Even if the new nicotine limits applied only to the sale of pre-rolled cigarettes and quasi-cigarettes like little cigars, and nothing else, it would likely still have the desired effect.  That is because those are the products that really drive the deadly tobacco epidemic.

It could be done in either one step with some lead time, or a few steps over a period of months to a year or two, for all cigarette manufacturing and importation going forward, plus an additional year to clear out excess inventory.  Doing it in a few steps would probably be better overall we think.  Either way would probably be fine though. 

Banning the use of additives, which are largely all about increasing the addictiveness of the products, would also make sense as well.  Michigan already has an excellent law on the books, that bans any "deleterious" ingredient or anything "foreign to tobacco" being added to cigarettes.  It needs enforcing.

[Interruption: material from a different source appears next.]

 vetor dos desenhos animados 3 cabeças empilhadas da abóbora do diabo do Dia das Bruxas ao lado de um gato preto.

Redesigning the cigarette to have a more alkaline smoke pH of 8 or higher, as it typically was prior to the 20th century, would make it less appealing and harder to inhale at least for new smokers.  Most cigars and pipe tobacco are already like that currently. 

And for the love of all that is good, ban the use of radioactive phosphate fertilizers yesterday!

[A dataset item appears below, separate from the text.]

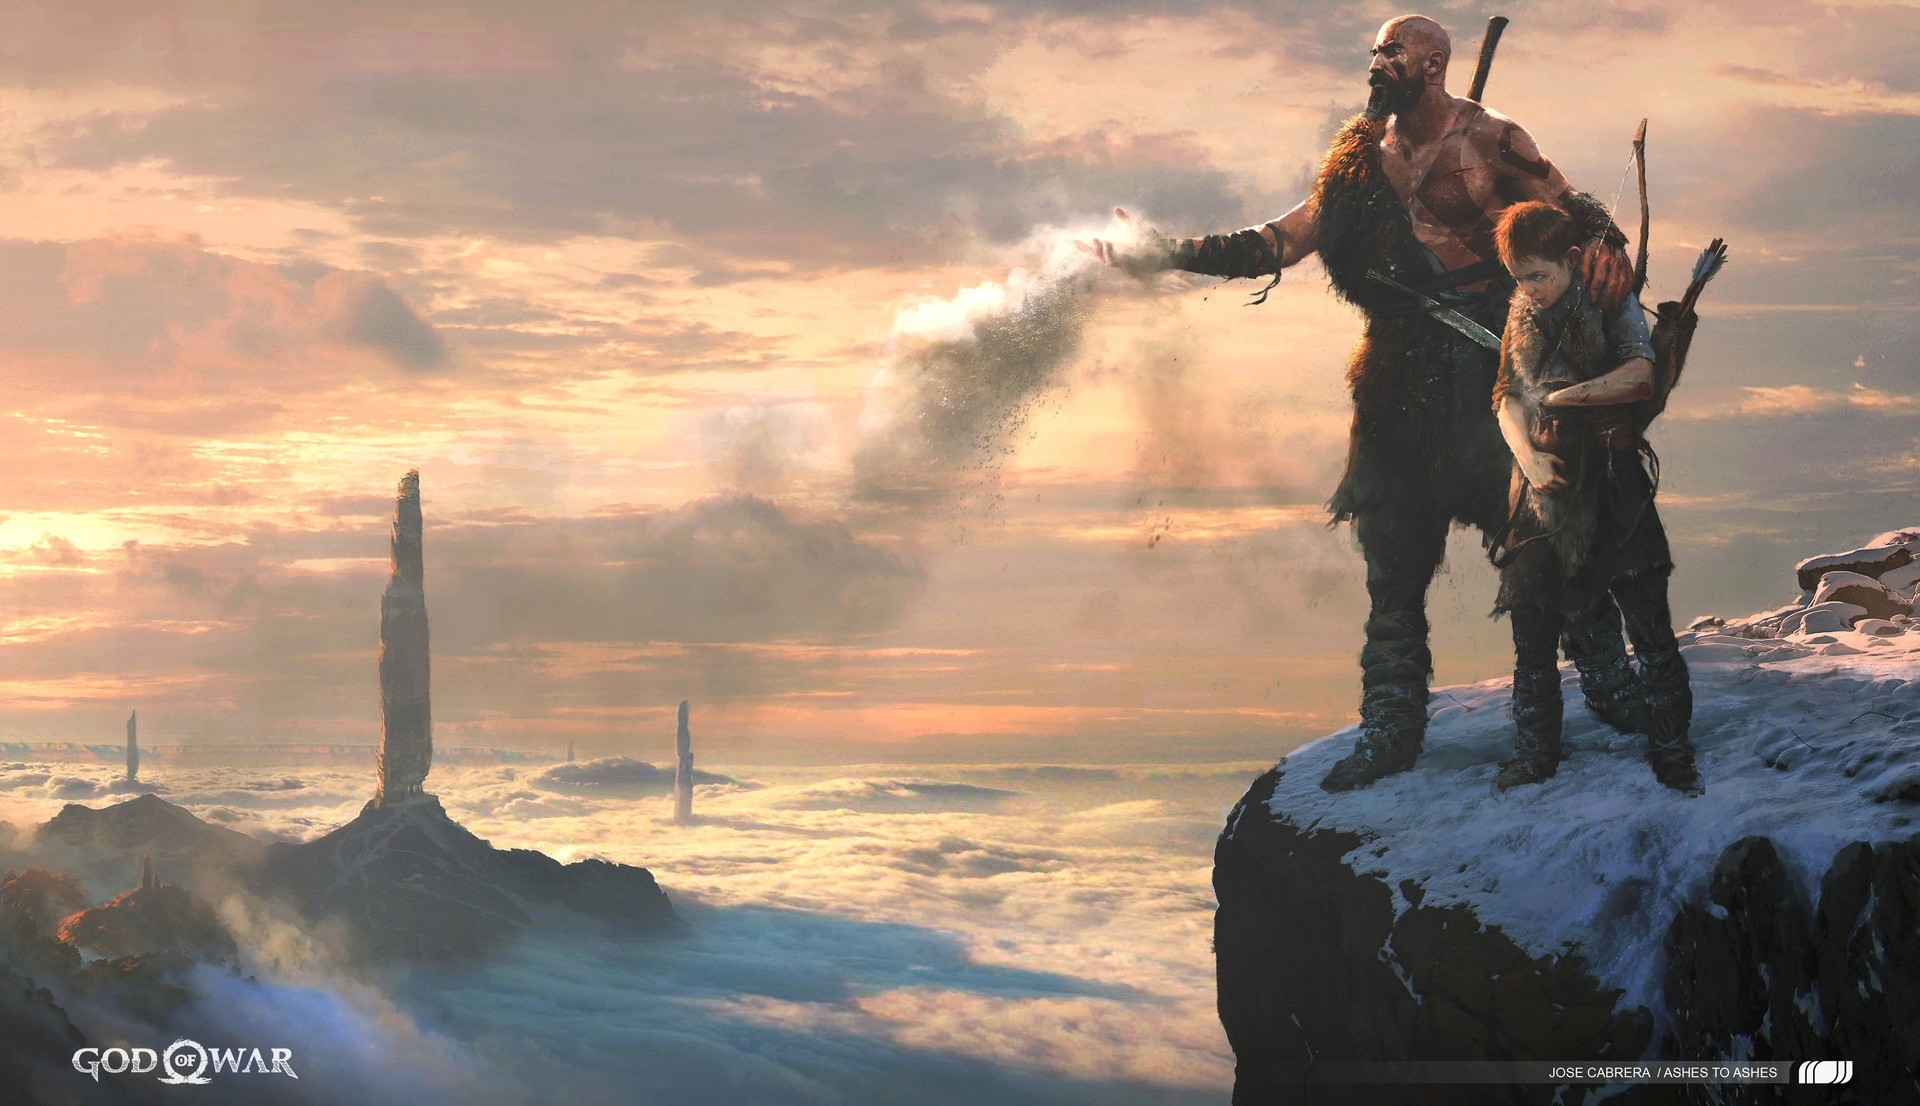 God of War Ragnarok เลื่อนไปปี 2022 แทน แต่มีวางจำหน่ายให้กับ PlayStation 4 ด้วย

Another good idea would be to only allow tobacco products to be sold in designated or dedicated tobacco-related stores (i.e. smoke and vape shops) and/or places that one needs to be 18+ to enter.

As for nicotine vapes, capping the maximum nicotine content at current European or Israeli levels (lower than USA levels but still generous) would reduce overall nicotine addiction rates without driving vapers back to smoking cigarettes.

Do these things and the desired endgame can be achieved in a matter of months to years, not decades.  But that would make too much sense, right?

FUN FACT:  Hemp-based, tobacco-free "blunt wraps" are now commercially available, so even the classic use of hollowed-out cheap tobacco cigars for rolling cannabis blunts is now thoroughly obsolete as well. 

UPDATE:  Apparently New Zealand will, starting in 2025, mandate that only very low nicotine cigarettes (VLNC) be sold, similar to what we advocate above.  Also, in 2024 they will sharply reduce the number of tobacco retail outlets by 90-95%, and ban the sale of cigarettes at kiosks, gas stations, or supermarkets.  This will be in addition to their generational ban for anyone born after January 1, 2009.  Thus, the generational ban is completely redundant and unnecessary, given the other two components.  And also the price of a pack of smokes there, $36 NZD, is the equivalent of over $20 USD (that is, more than a dollar per cigarette!) thanks to their already high taxes, making it a very expensive habit as it is.

And vape products would remain unaffected. 

Twenty-One Debunked's preferred plan, in a nutshell, is basically the New Zealand plan MINUS the generational ban and keeping the age limit at 18, plus a few other things above listed above.

UPDATE 2:  Bhutan, the only country in the 21st century that had completely banned tobacco across the board, has failed so miserably in doing so (thanks to the black market and international smuggling, and despite very stiff penalties too) that they ended up reversing their ban in 2021, largely out of fear that rampant cross-border smuggling would.... increase the spread of Covid.  Seriously, you cannot make this stuff up!  This should really be a cautionary tale.